Exercise prompt >>
A verbatim copy of the data is wanted, minus any picture in it.

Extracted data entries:
──────────────────────────────

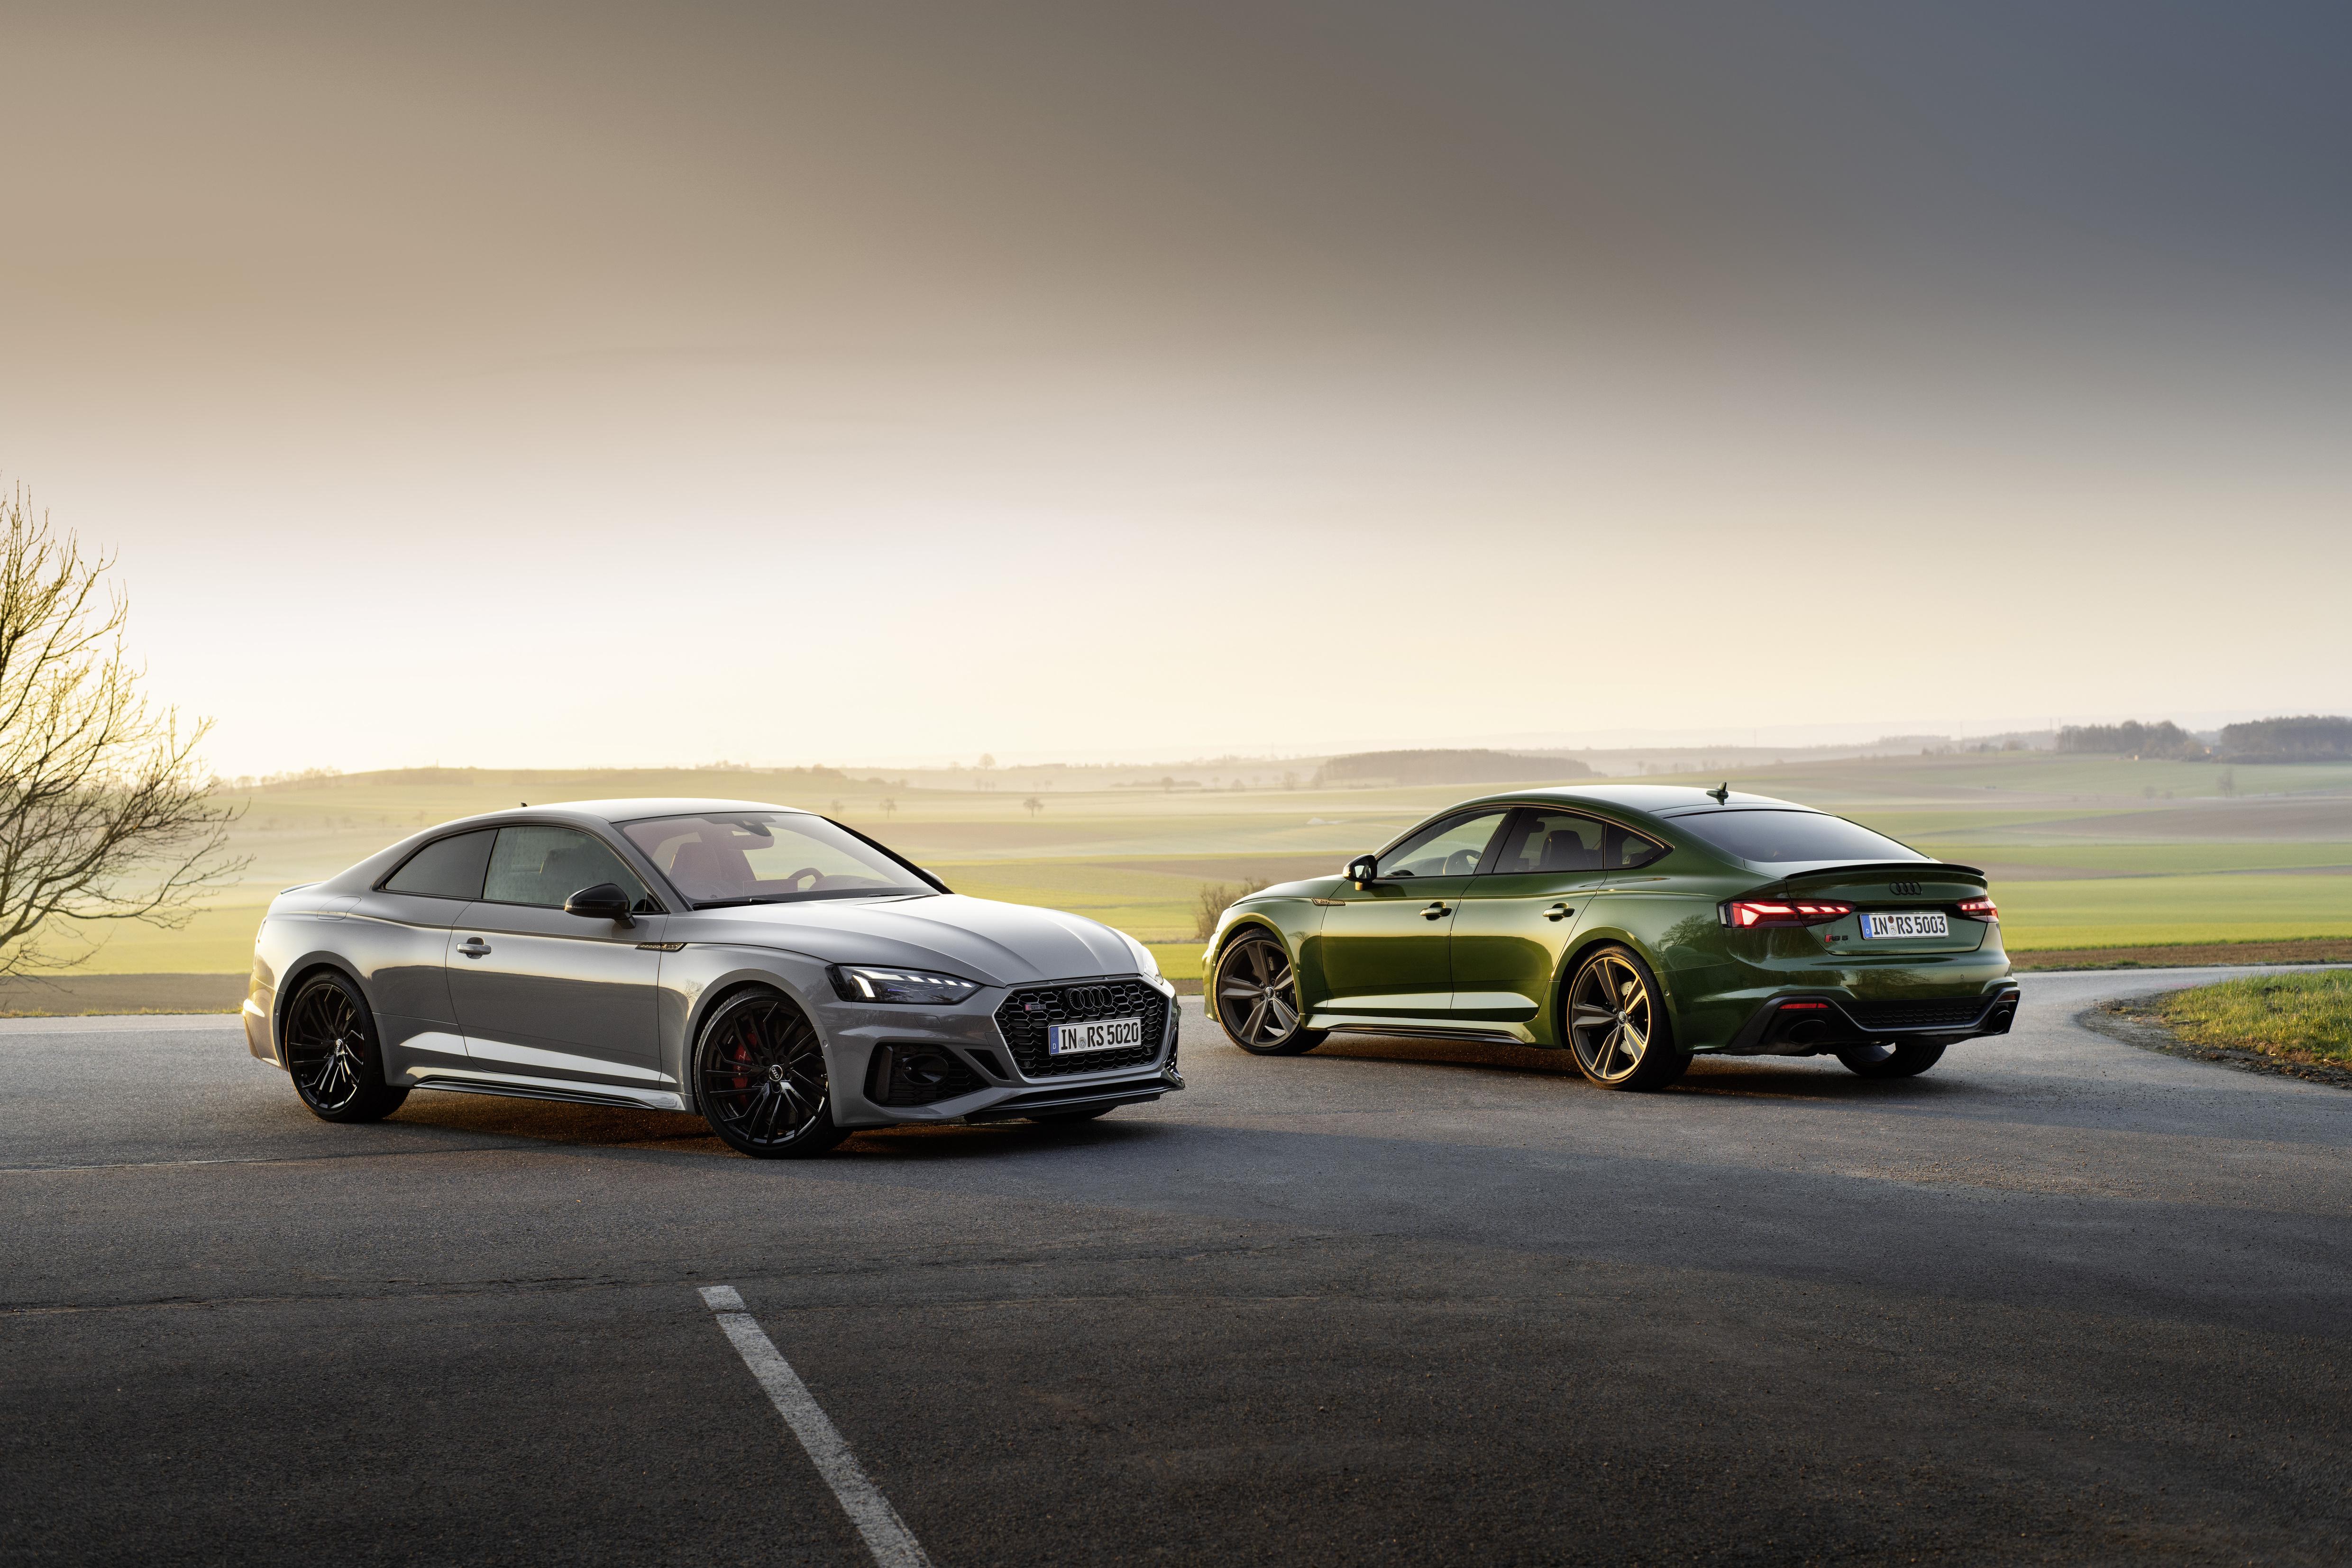 Coupé oder viertüriger Sportback - das sind die zwei Karosserie-Varianten, mit denen der Audi RS 5 angeboten wird.
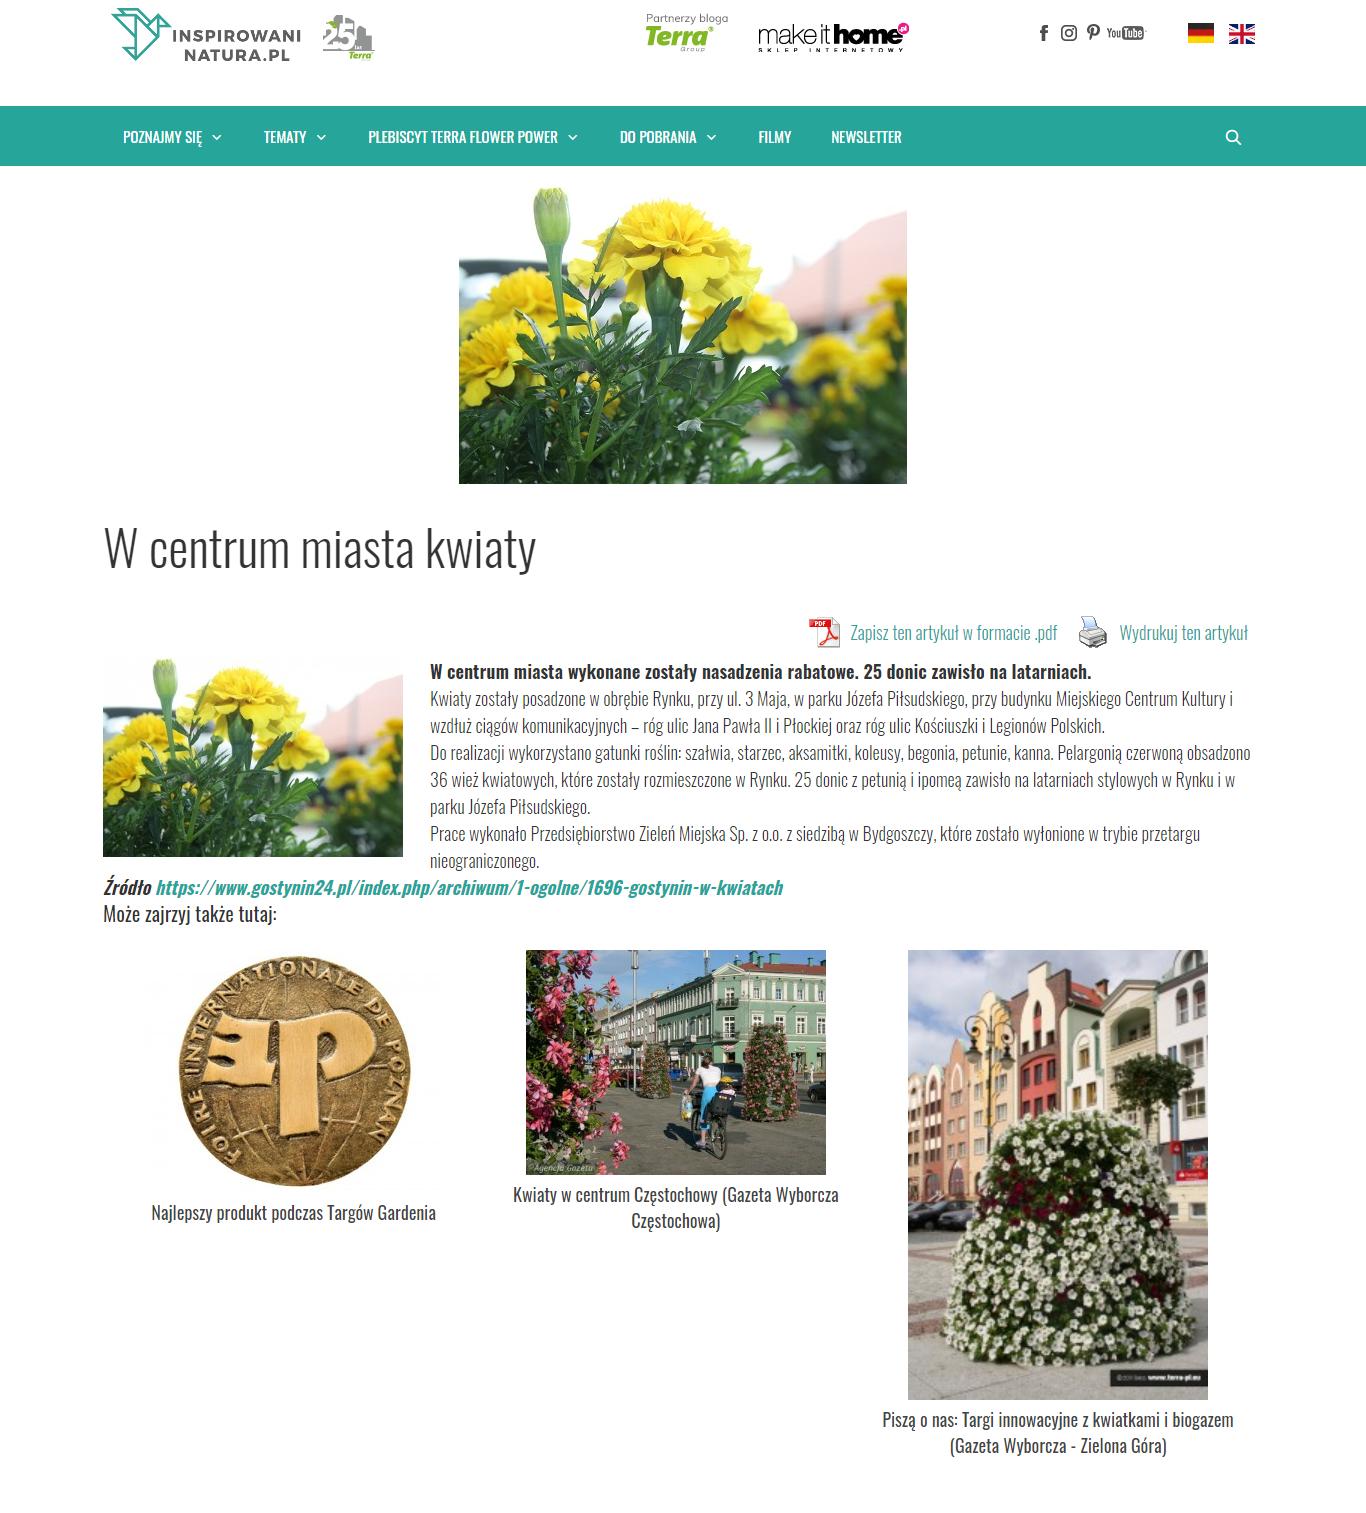 wpis-w-centrum-miasta-kwiaty
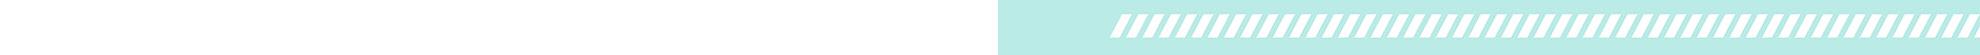 balk-rechts-3_c26ddb66d480065bf5e26c08aecf09e3
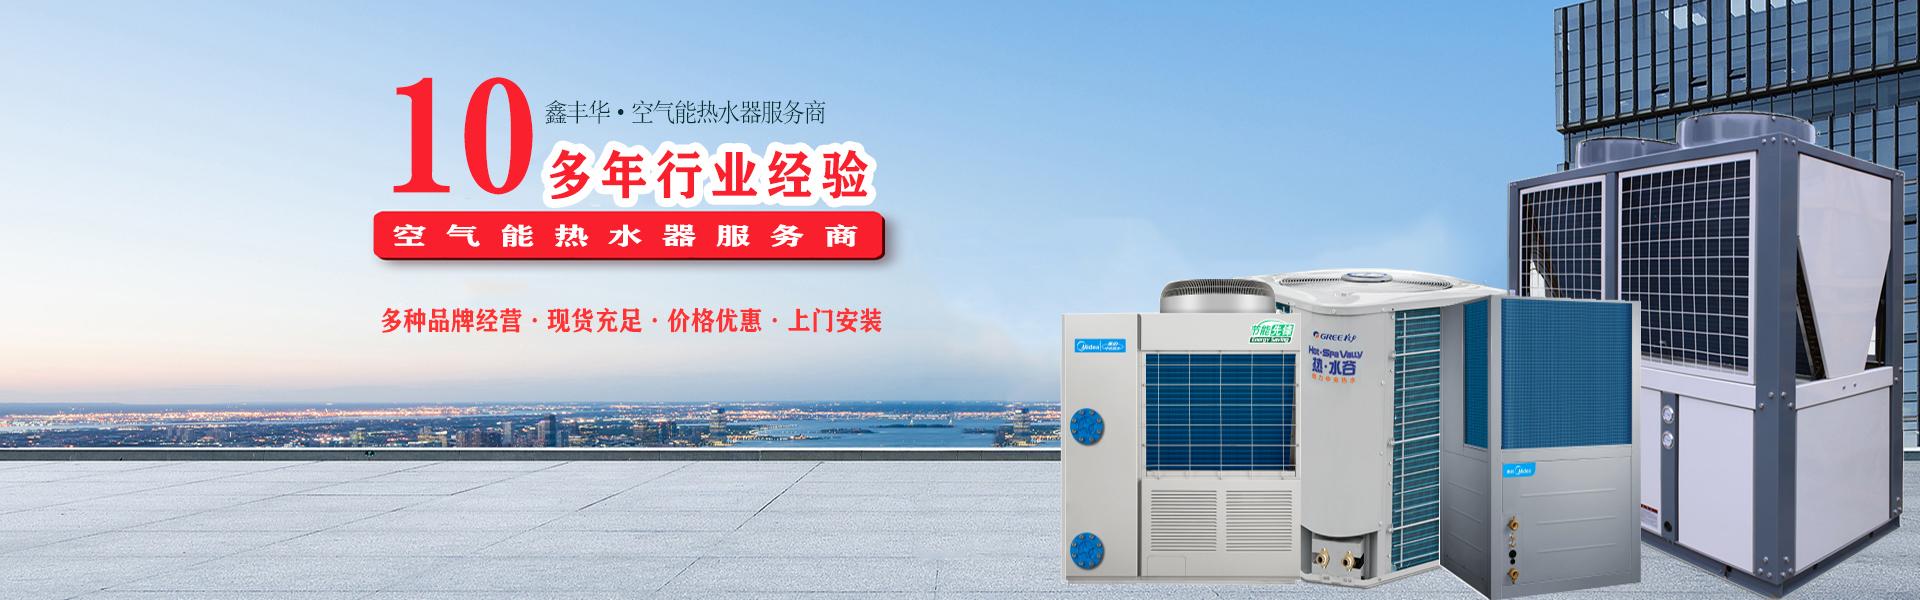 贵州空气能热水器维修
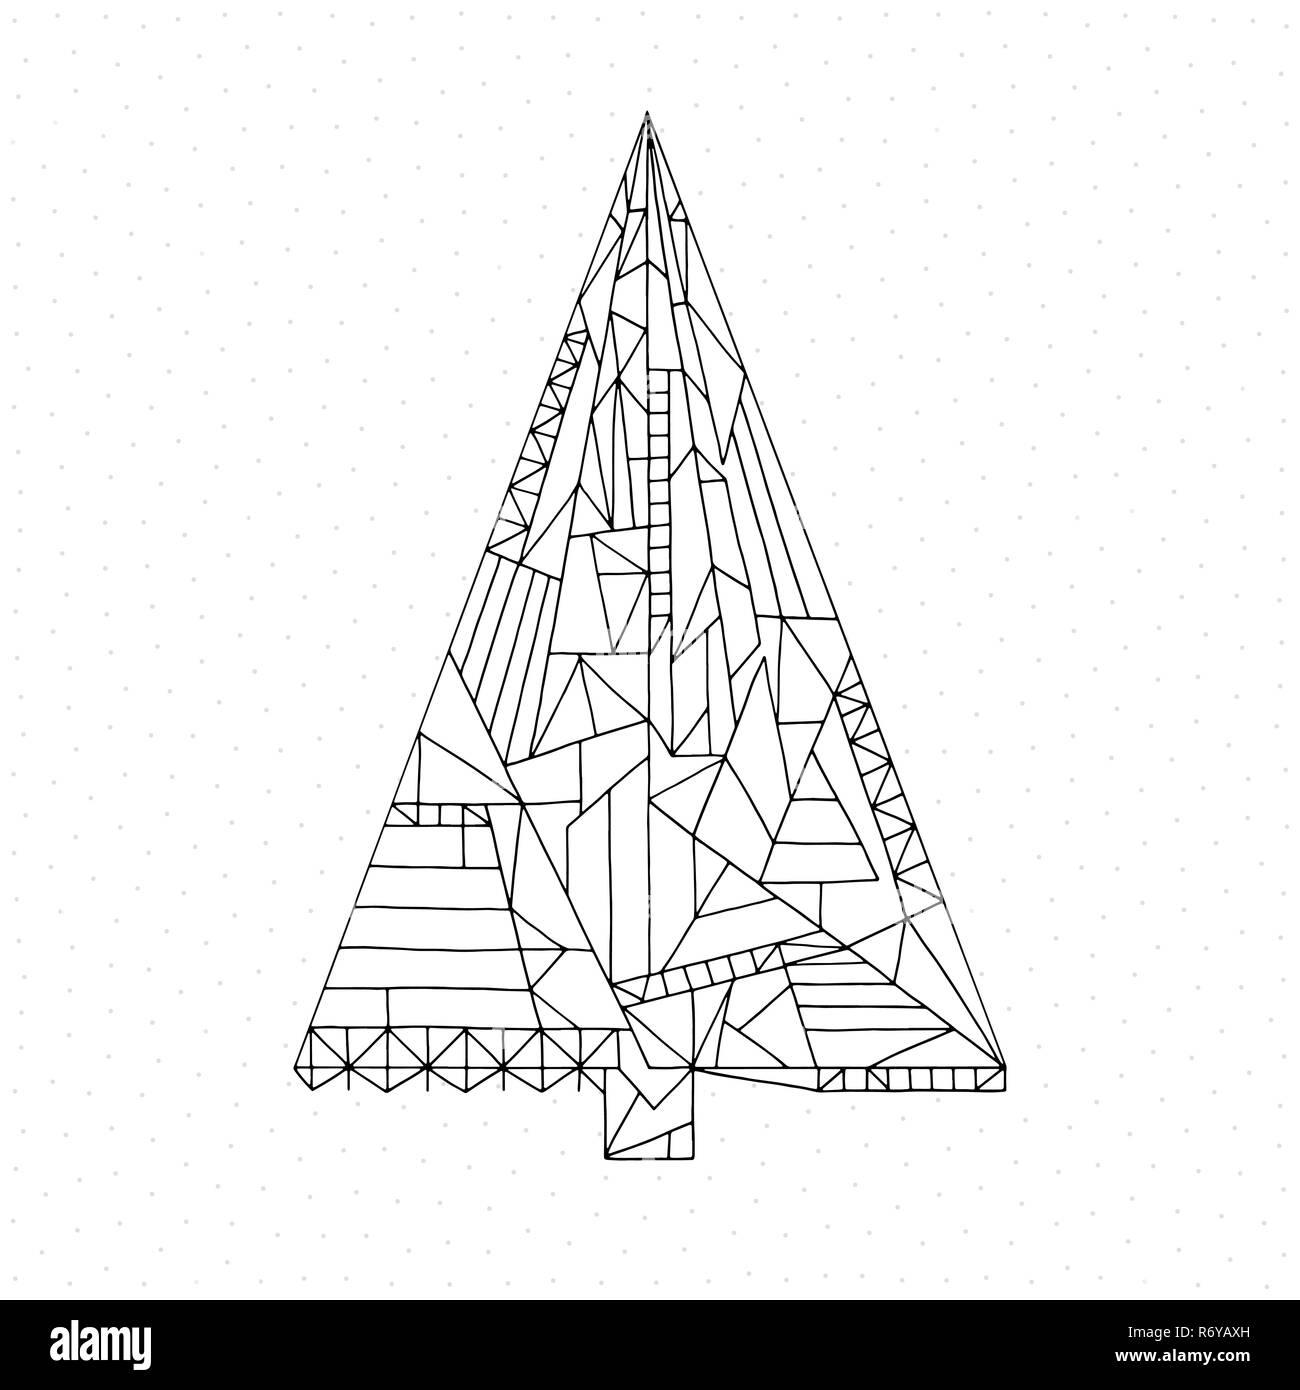 184 disegni natalizi da colorare. Albero Di Natale Libro Da Colorare Disegnata A Mano Abstract Vacanze Invernali Illustrazione Vettoriale Sfondo Di Natale In Stile Moderno Immagine E Vettoriale Alamy

──────────────────────────────

Result below >>
 Coupé oder viertüriger Sportback - das sind die zwei Karosserie-Varianten, mit denen der Audi RS 5 angeboten wird.
 wpis-w-centrum-miasta-kwiaty
 balk-rechts-3_c26ddb66d480065bf5e26c08aecf09e3
 贵州空气能热水器维修
 184 disegni natalizi da colorare. Albero Di Natale Libro Da Colorare Disegnata A Mano Abstract Vacanze Invernali Illustrazione Vettoriale Sfondo Di Natale In Stile Moderno Immagine E Vettoriale Alamy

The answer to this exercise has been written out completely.